This paper is an analysis of lexical categorisation of the temperature domain in modern Eastern Armenian. Compared to the vast research outline proposed in (Koptjevskaja-Tamm 2011), this paper has several important limitations. First, it is focused on non-derived, primary temperature terms (most of which happen to be adjectives or nouns, or both). Derived lexical items, as well as lexical items that apply to temperature phenomena only secondarily, are not considered. Second, it focuses on lexical rather than morphosyntactic categorisation, in the sense that more attention is paid, again, to lexical items than to the morphosyntactic patterns they are associated with. In a sense, we focus on elementary morphological units – dedicated temperature roots – rather than on the morphological and morphosyntactic patterns they are involved in.

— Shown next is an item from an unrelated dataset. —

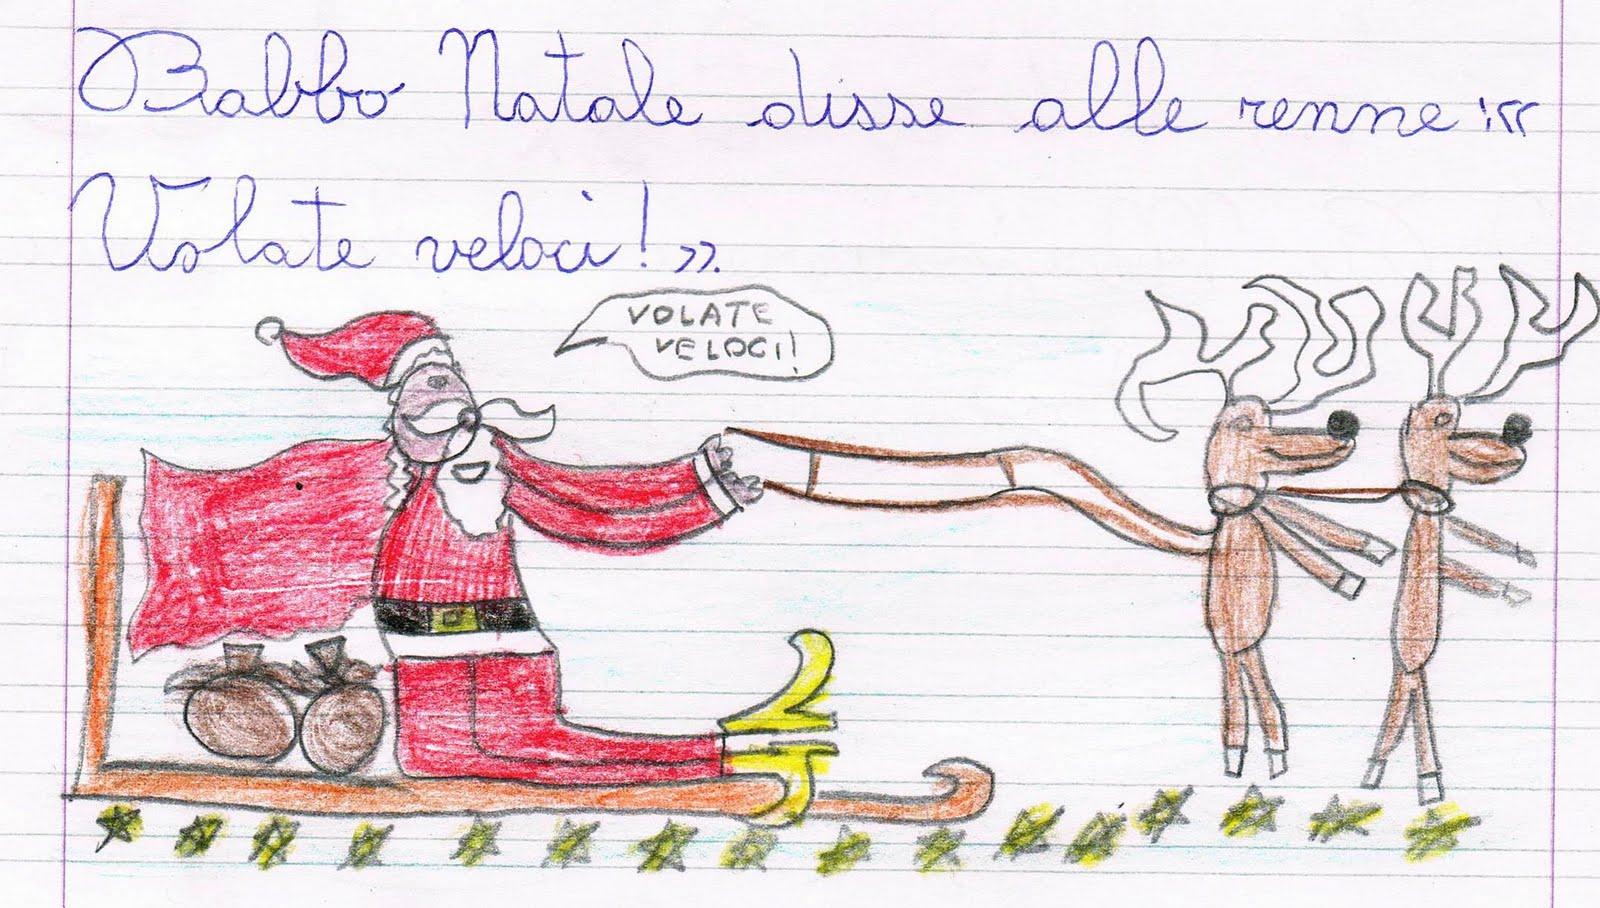 Descrizione Di Babbo Natale Per Bambini.Babbo Natale Descrizione

As Eastern Armenian represents an elaborated system of temperature terms (some dozen lexical items), even under such restrictions the linguistic data presented below is well worth of analysis. To a certain extent, the issues of part-of-speech derivation are brought into consideration. It should also be noted that, as the examples in the paper show, there seem to be no sharp differences between e.g. morphosyntactic treatment of the subjects of tactile vs. ambient vs. personal temperatures, such as shown in Koptjevskaja-Tamm (2011) through a comparison of French, Finnish, Japanese and German examples. It is true that, as in many languages, in Armenian ambient temperature is often expressed by impersonal predication (cf. ex. 3 below). However, experiencers of personal temperature (as most experiencers in general), carriers of tactile temperature and meteorological phenomena expressed by explicit NPs (‘day’, ‘air’, ‘sun’) predicated by ambient terms are all treated as subjects. They are assigned nominative marking and control verbal agreement. There certainly may be finer morphosyntactic differences, but these are left for future research(ers).
The structure of the paper is as follows. Section 1 provides a brief genealogical, structural, sociolinguistic and historical account of the Eastern Armenian language and introduces the main source of the present study (Eastern Armenian National Corpus). Section 2 provides an overview of the temperature words of Eastern Armenian along the lines of the typological dimensions around which the present volume is centred, including the pivotal distinction between tactile and ambient temperatures. Personal temperature terms are in a sense independent from this main opposition, so that the discussion of personal temperatures goes alongside but apart from the main argument, both here and later in Section 6. Section 3 is an overview of metaphorical uses of the temperature terms. Section 4 considers part-of-speech properties and some aspects of derivational morphology of the Eastern Armenian temperature words. Section 5 is an account of the known etymologies of the terms. Section 6 introduces some data on relative textual frequencies of temperature terms. Section 7 is a summary of the paper.